We drove though a tunnel there at about 4 a.m. on a Saturday on the way back from the Shangri-la hotel. By noon the following day the tunnel was completely submerged.
At the height of the flood last week there were 400,000 people out of home. Roughly 80 drowned or were electrocuted something I witnessed first hand in 2002 when a young man was fatally zapped in front of Sarniah department store just moments before I arrived.
It has taken five days for the levels to drop to the point where the majority of people can return to their stinking muddy homes and begin the painful period of clean-up. The total bill for the floods doubled to just shy of $800 million.

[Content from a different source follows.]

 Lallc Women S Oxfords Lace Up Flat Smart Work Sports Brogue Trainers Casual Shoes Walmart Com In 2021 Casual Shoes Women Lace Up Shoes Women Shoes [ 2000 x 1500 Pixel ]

Classic responses from local power-brokers included the People’s Welfare Minister (a top industrialist who really feels the poor’s pain from behind the tinted windows of his 500 Series) Aburizal Bakrie telling the press that the floods were exaggerated and that everyone he saw on TV was laughing and playing in the (oily brown soup) rising waters. Not to be outdone, Jakarta’s governor locked himself in this office and refused to emerge for a week, at which time he denied all responsibility for failing to learn a damn thing from the experience five years ago.
The are any number of culprits and as much as you’d like to be able to point the finger at a specific single issue, the Jakarta floods are caused by issues environmental and manmade that defy the quick-fix.

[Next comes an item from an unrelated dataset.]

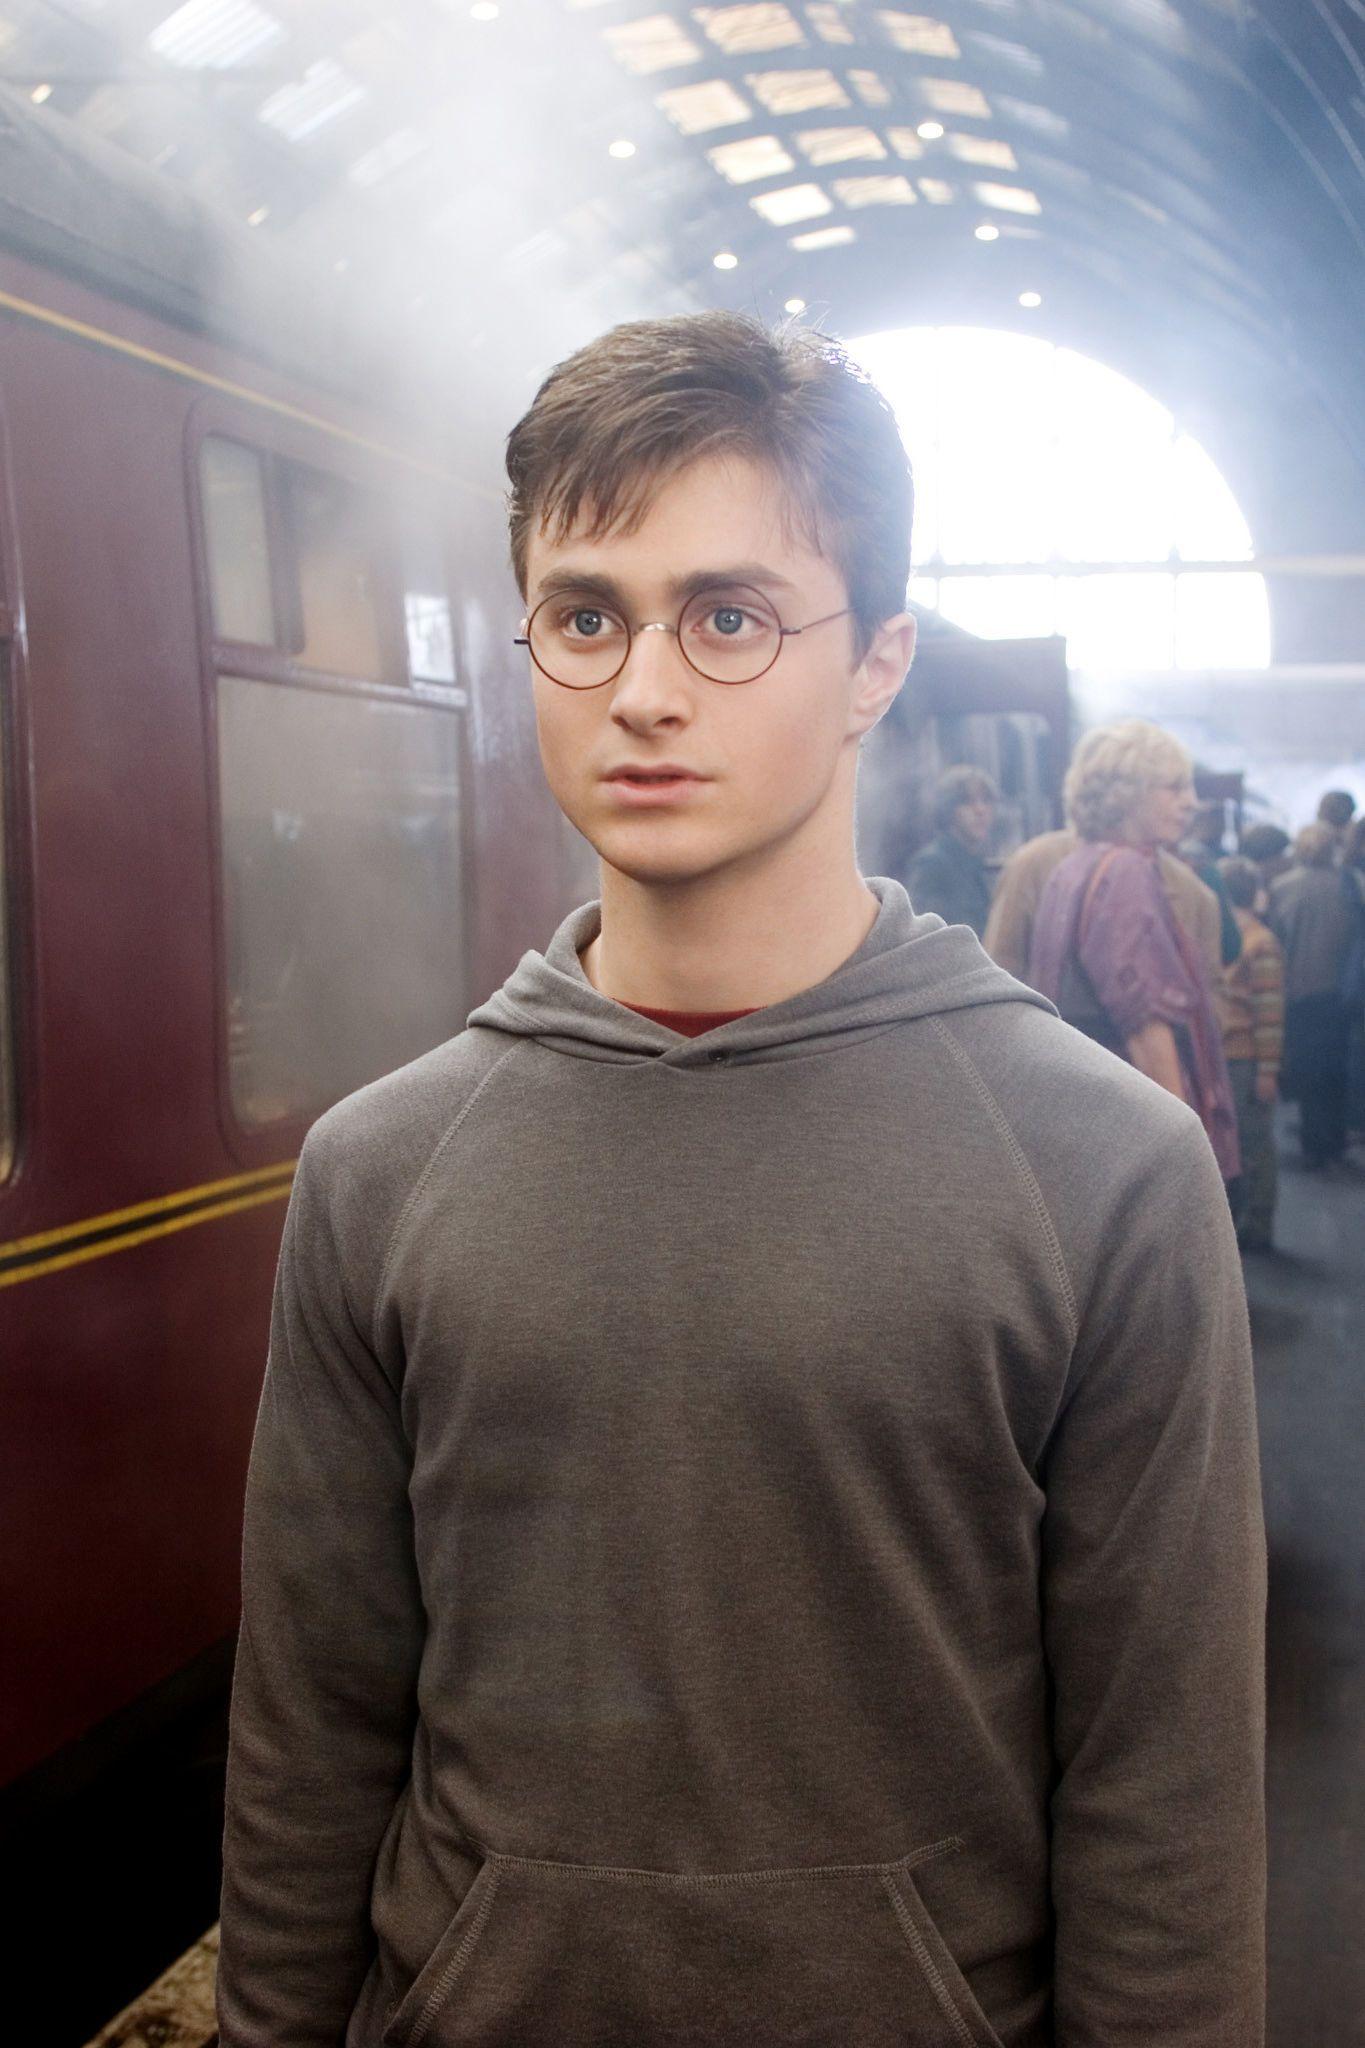 Harry Potter Im Echten Leben Wo Finde Ich Gleis 9 3 4 Harry Potter Scar Daniel Radcliffe Harry Potter Young Harry Potter

To begin with, 14 rivers converge in Jakarta. The area’s reputation as a malarial tidal basin prone to floods, catastrophic epidemics and consequent die-offs were recorded even as the mallet-headed Dutch were busy constructing their VOC commercial base (ultimately renamed Batavia) into the swamps south of Sunda Kelapa port in the mid-17th century.
By building high to the water’s edge, clear-cutting vast stands of mangrove, paving the city’s natural catchment basins to build sparkly new shopping centres and doing virtually nothing to maintain and/or expand the city’s network of Dutch-era canals, the water has nowhere else to go.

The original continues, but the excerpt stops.